Just What Did Calvin Teach?
J. P. Wiles
A summary of Calvin’s Institutes of the Christian Religion
Calvin’s “Great Book” contains a spiritual and impartial survey of the whole revelation which God has given to mankind in the Holy Scriptures. It is a temple of truth, a temple built, indeed, by uninspired hands, but built by a workman who was abundantly and wonderfully helped by the Holy Spirit of God. It is divided into four parts.
Book 1 – treats of the knowledge of God as the Creator, Preserver, and Governor of all things. It affirms that every man by nature has some knowledge of God, but that man’s depravity is so great that he ignorantly and wickedly stifles this knowledge, although it is enforced by the testimony of God’s works in creation. Hence God, when He designs to make Himself known to men in a way of grace, gives them His written Word. This leads to a discussion of the authority and excellence of Holy Scripture, and of the revelation which God has therein given of Himself as God the Father, God the son, and God the Holy Ghost; not three Gods but one God. And at this point, lest any man should charge his own ignorance to the account of the Creator, Calvin treats of man’s original as created in the image of God, of the original freedom of man’s will, and the primitive perfection of human nature. Finally, to show that the Creator preserves and governs all He has created, he deals at great length with the subject of Divine providence.

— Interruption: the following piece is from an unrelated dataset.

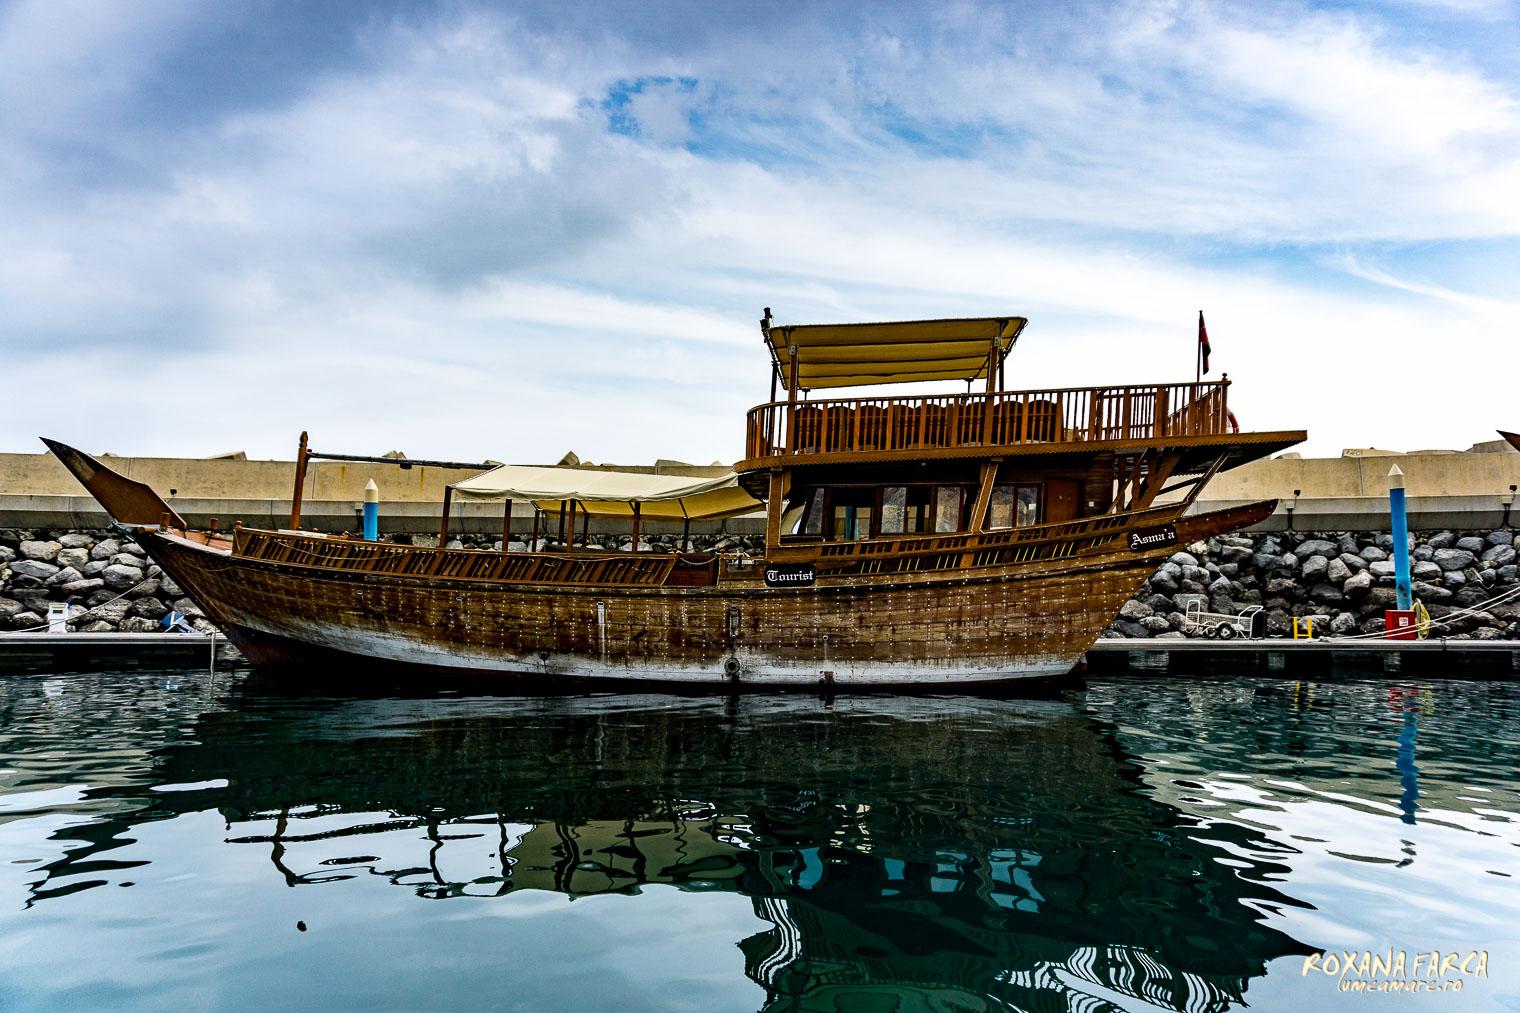 Bărci tradiționale în port

Book II – treats of the knowledge of God the Redeemer, God in Christ. Man is fallen, involved in all the guilt and defilement of original sin, and has no power in himself to escape from sin or from the curse that is due to it. In fact, until man is reconciled to God and renewed in heart, nothing can proceed from him but what deserves condemnation. Hence man, being entirely lost, and incapable of helping himself or pleasing God by one good thought, must seek redemption outside of himself in Christ. Here Calvin shows that even under the Law in olden times Christ was known to the Jews as the Author of Salvation but was more fully revealed under the gospel. This leads to a discussion of the points of resemblance and difference between the Old and New Testaments. Next comes the necessity of the Incarnation: to save man the Son of God must become man. He did so: and the Divine and human natures are united in one person in Christ. He is our Prophet, Priest, and King. He accomplished the work of redemption, died, rose again, and ascended into heaven.

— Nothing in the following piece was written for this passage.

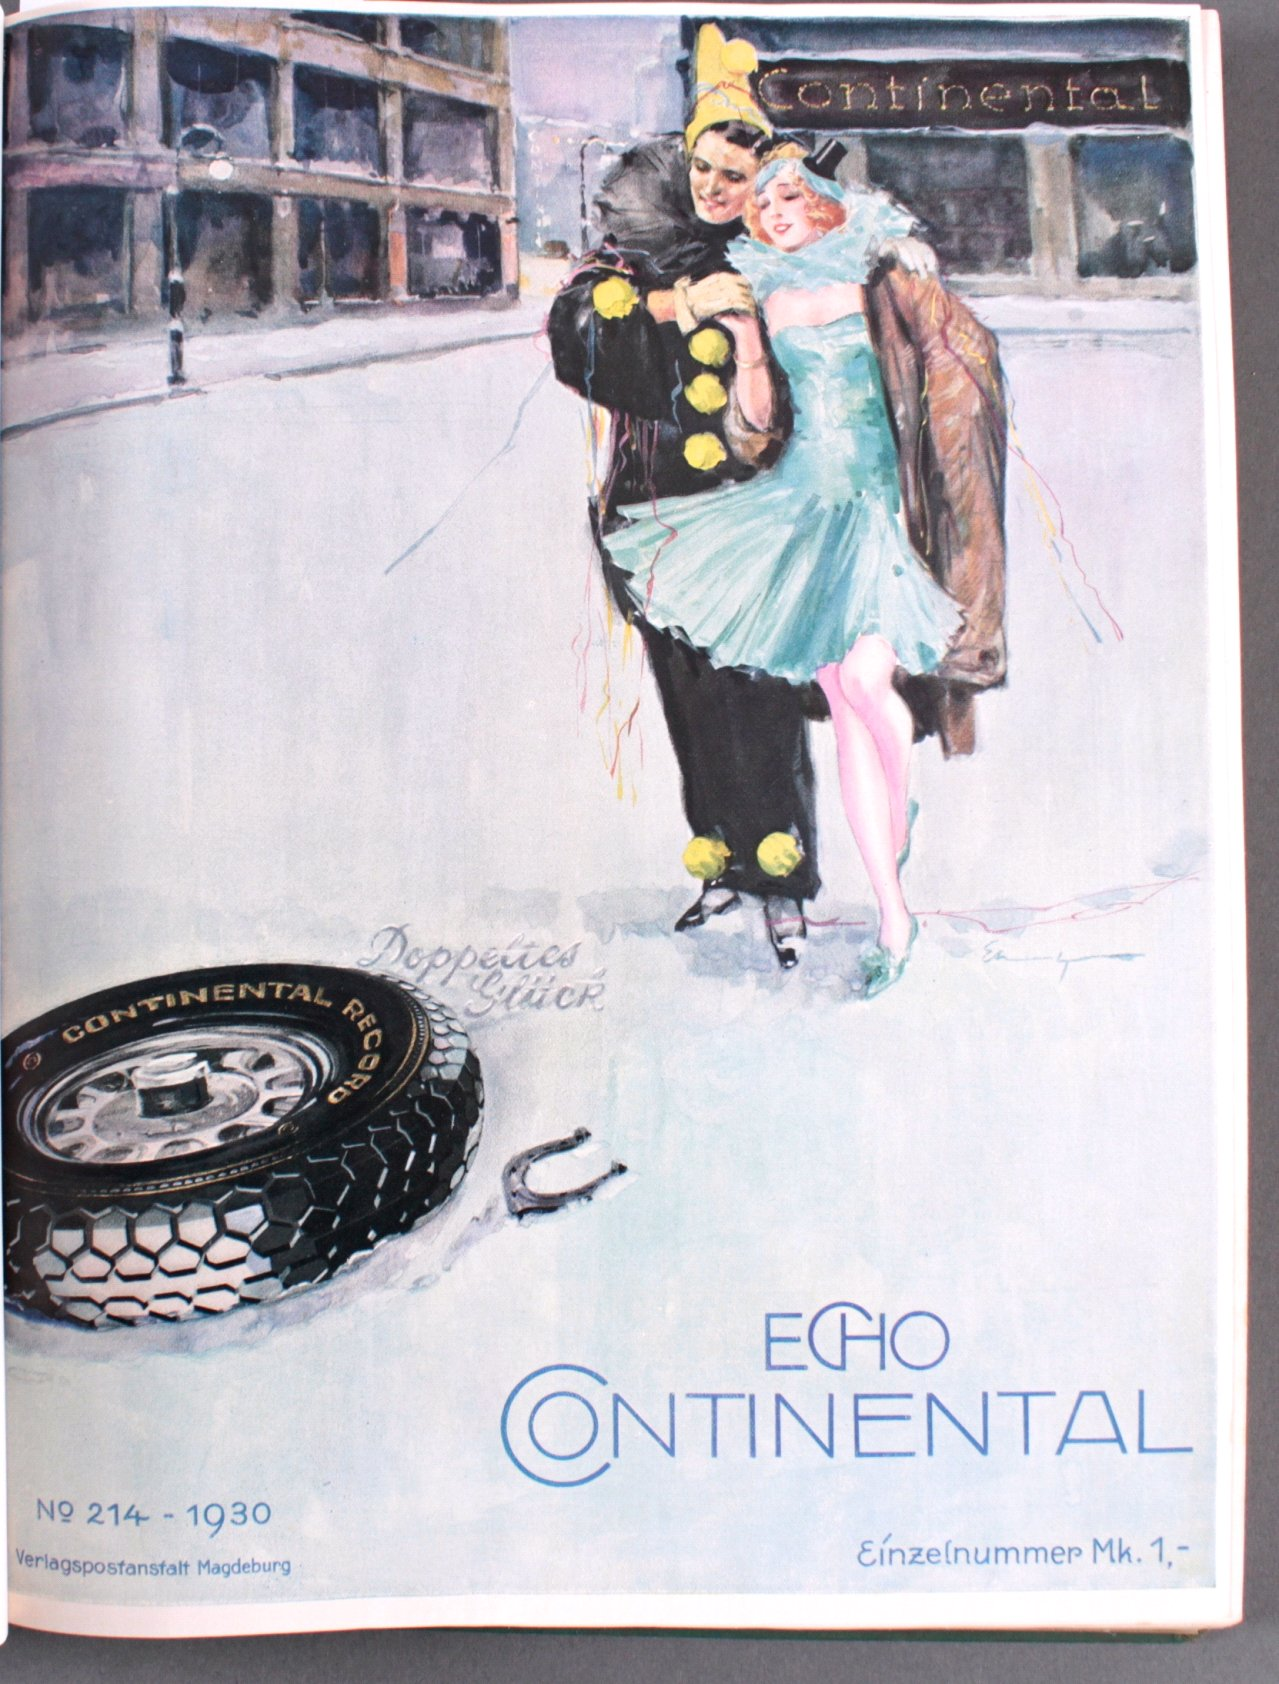 Echo Continental Jahrgang 1930-1

Book III – speaks of the Holy Spirit and his work. He unites us, through faith, to Christ, from whom we receive regeneration, repentance, and free justification. A faith which is unaccompanied with repentance is useless: in a true believer’s heart Christ produces continuous repentance. Prayer is the hand by which we receive the blessings treasured up in Christ. But not all men are thus united: hence Calvin goes on to speak of God’s eternal election, by which God, seeing nothing good in us but what He designed to bestow, gave us to Christ, and in due season united us to Him through the effectual call of the gospel. The full effects of regeneration will appear in the resurrection.
Book IV – speaks of the Church, and of the means which the Holy Spirit employs to call and preserve it; the preaching of the Word, baptism, and the Lord’s Supper, by which things, as by a sceptre, Christ rules His spiritual Kingdom. And inasmuch as civil governments, though distinct from the spiritual kingdom of Christ, are in some sense homes and shelters for the Church in this world, our author tells us that such governments are a blessing from God which the Church should thankfully acknowledge until called to its eternal home, where God will be All in all.
Such is the sum of the Institutes of the Christian religion. In short, man, originally created upright, but afterwards completely ruined, finds his whole salvation outside of himself in Christ: to whom united by the Holy Ghost, given to us freely without regard to works to be performed by us, we receive by imputation a perfect righteousness, and also a sanctification which is begun in this life and perfected at the resurrection, that praise for so great mercy may be given to God by the heirs of the heavenly inheritance.